» **Dataset excerpt**
◇ ◇ ◇ ◇ ◇
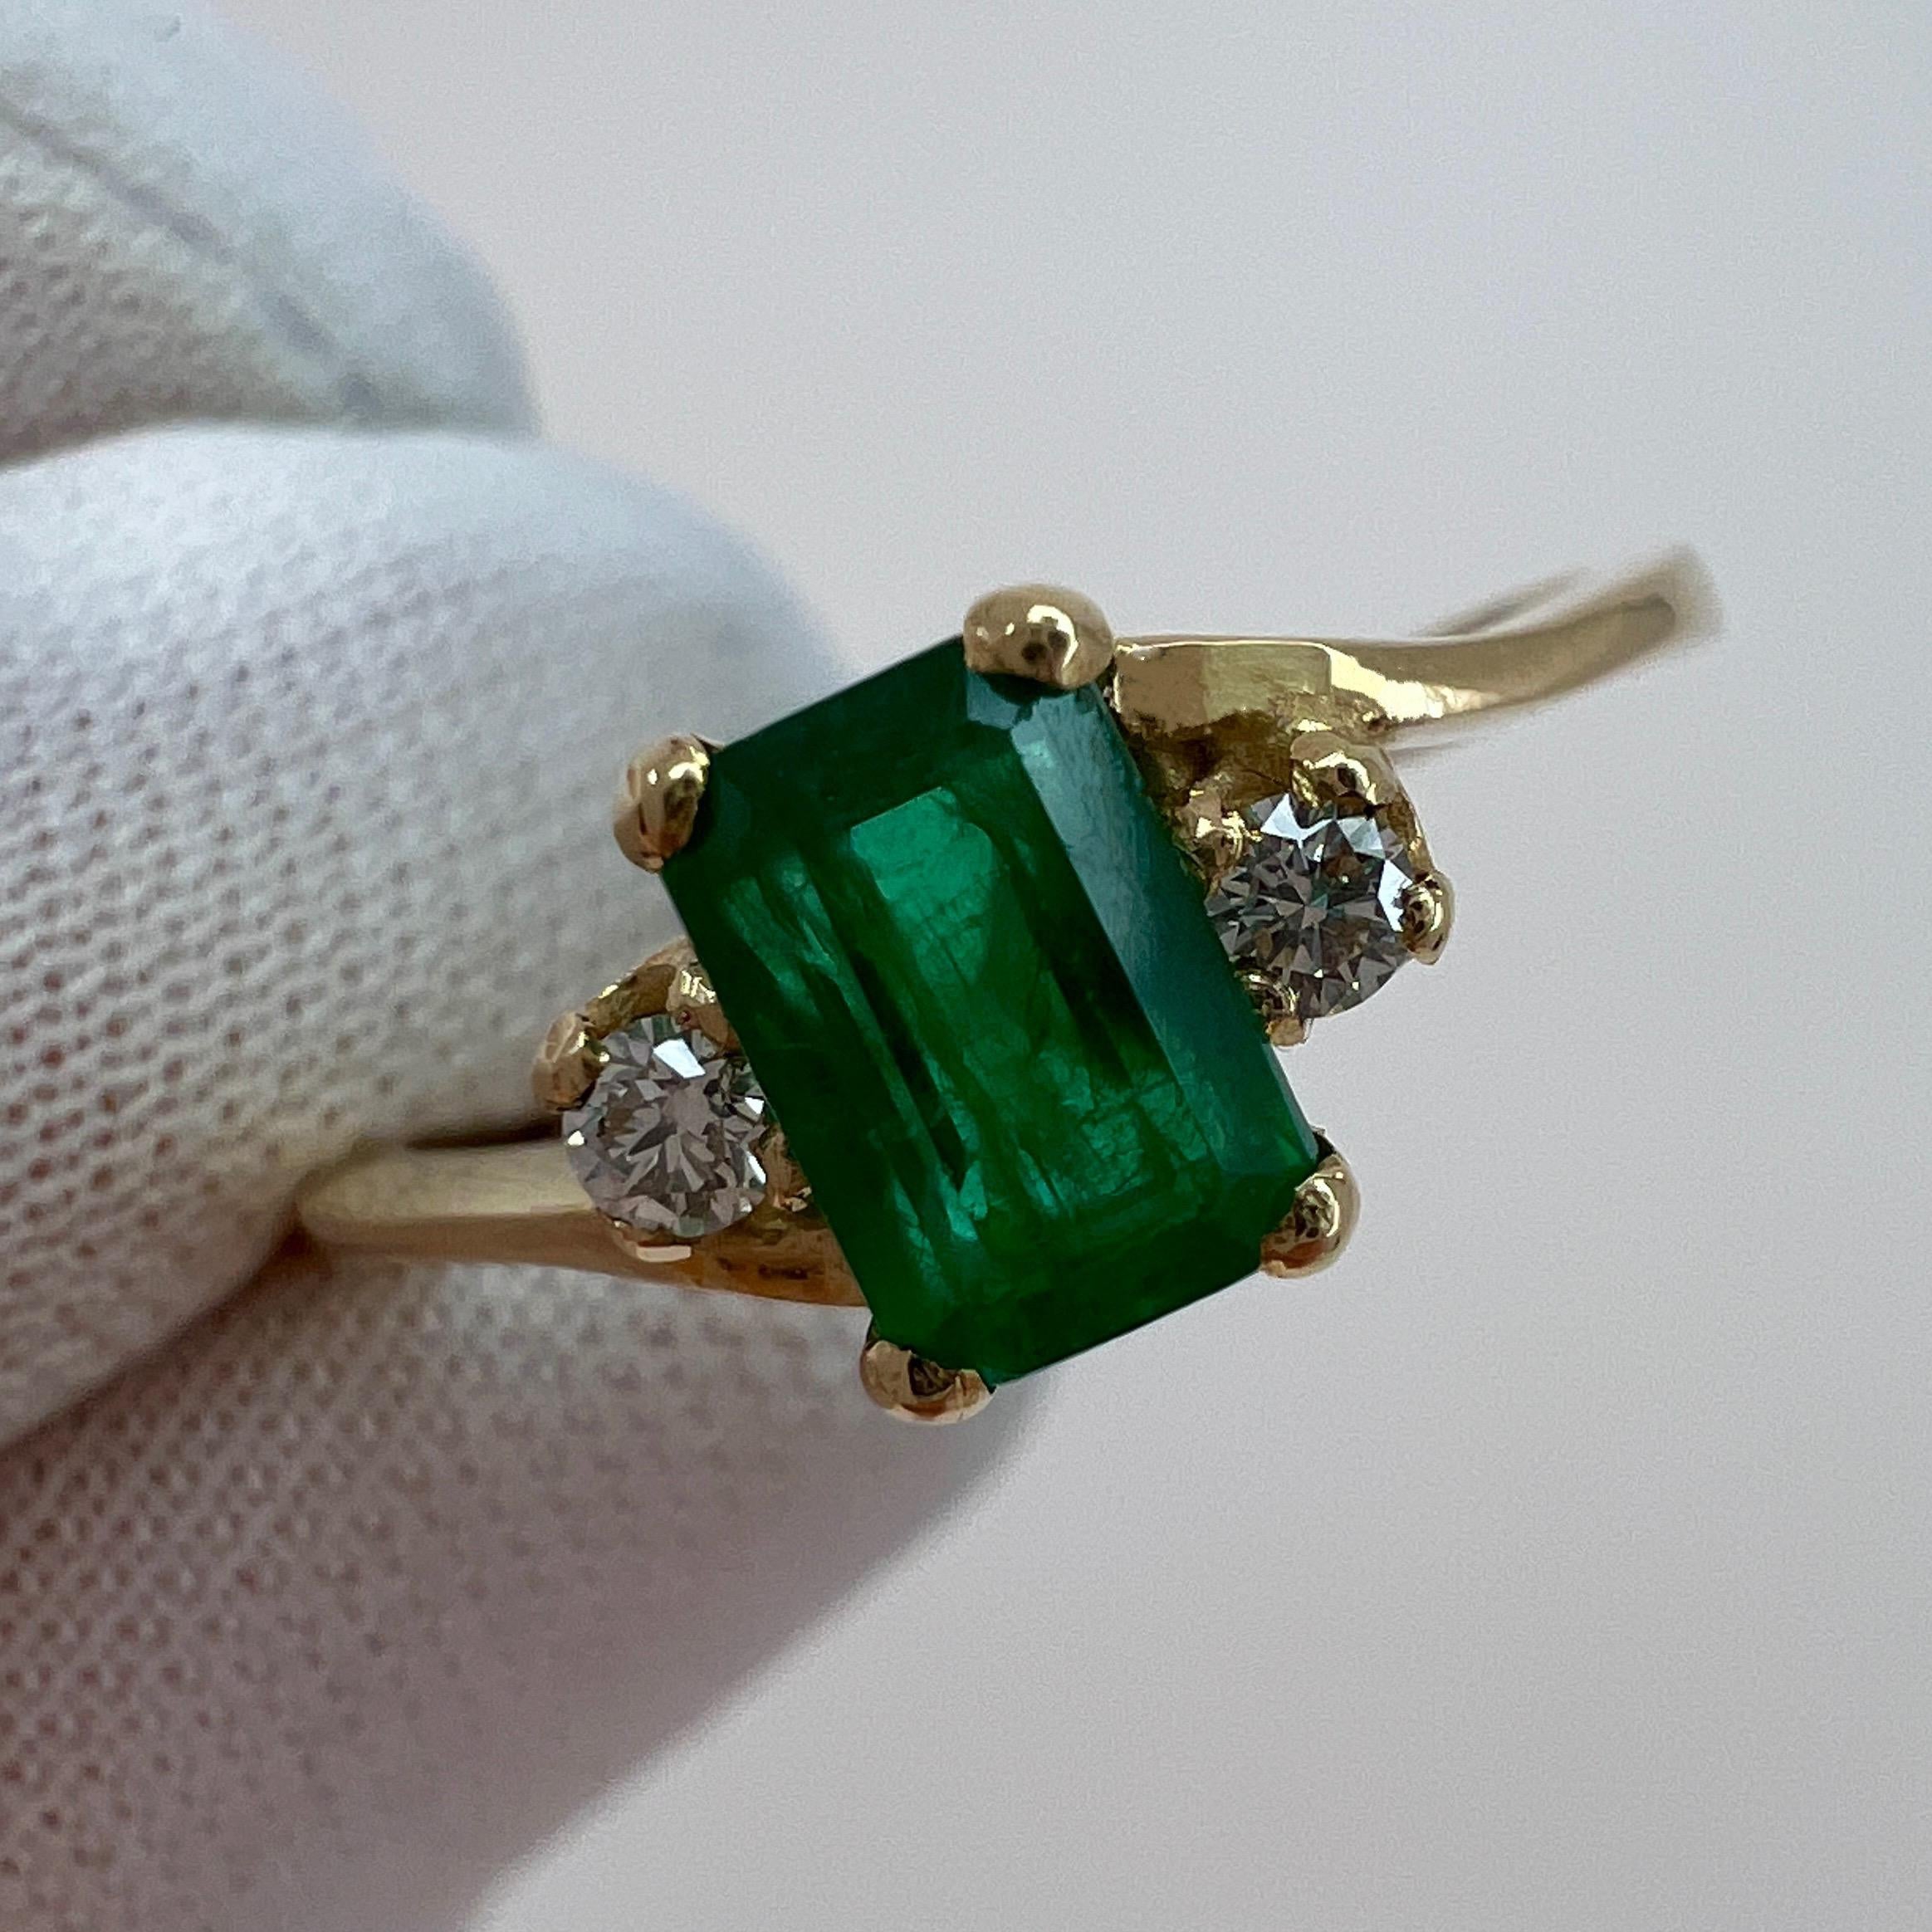 Deep Green Emerald & Diamond Three Stone Yellow Gold Ring.

IGI Certified 0.73 carat emerald with a stunning deep green colour and good clarity. Some inclusions visible, as to be expected with natural emeralds, but not a dirty stone.

Fully
◇ ◇ ◇ ◇ ◇
Reproduce the material above verbatim; omit every picture.

 Deep Green Emerald & Diamond Three Stone Yellow Gold Ring.

IGI Certified 0.73 carat emerald with a stunning deep green colour and good clarity. Some inclusions visible, as to be expected with natural emeralds, but not a dirty stone.

Fully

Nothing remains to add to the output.